Thanks to the hint from Xeo to here about that implicit type conversions are not allowed when deducing template arguments, I wondered wether the second parameter might cause problems here. I thought that it would do the type deduction from left to right and once the type is deducted, it is not a problem anymore (for the function pointer to boost::function cast).
It seems I was wrong and this was exactly the problem.

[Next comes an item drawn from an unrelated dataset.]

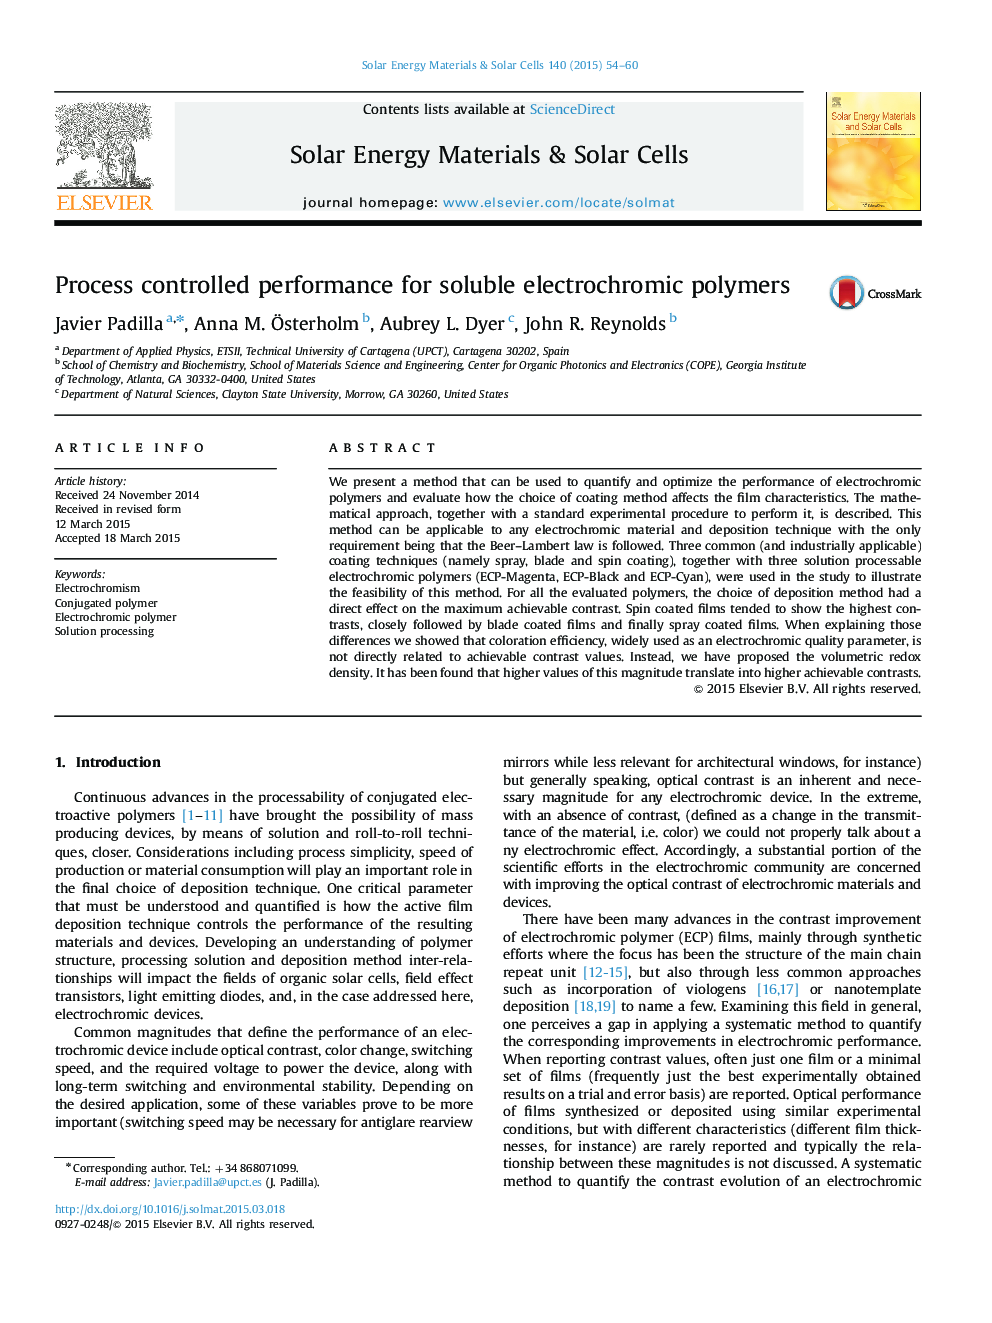 Process controlled performance for soluble electrochromic polymers

Another version of the same thing avoids the problem:
template<typename T>
struct PartialFuncWrapper {
::Ref<Iterator<T> > i;
PartialFuncWrapper(::Ref<Iterator<T> > _i) : i(_i) {}
typename Iterator<T>::Ref operator()(boost::function<bool(T)> pred) {
return new FilterIterator<T>(i, pred);
}
};
template<typename T>
PartialFuncWrapper<T> GetFilterIterator(::Ref<Iterator<T> > i) {
return PartialFuncWrapper<T>(i);
}
Then I can write:
Ref<Iterator<CWorm*> > x = GetFilterIterator(worms())(&CWorm::getLocal);
Is there a way to have the compile deduce the template parameter automatically?
template<class T>
struct TestA
{
TestA(T v) {}
};
template<class T>
void TestB(T v)
{
}
int main()
{
TestB (5);
}
Test B works fine, however when i change it to TestA it will not compile with the error " use of class template requires template argument list"
No, there isn't. Class templates are never deduced. The usual pattern is to have a make_ free function:
template<class T> TestA<T> make_TestA(T v)
{
return TestA<T>(v);
}
See std::pair and std::make_pair, for example.
In C++0x you will be able to do
auto someVariable = make_TestA(5);
to avoid having to specify the type for local variables.
Sunlight is right, but if I may ask you a question: is that really a problem in your code. I mean:
TestA(5);
Would become
TestA<int>(5);
As long as it's only one template argument, it's not that bad, IMHO. It's not like you can get around typing the type once in most cases.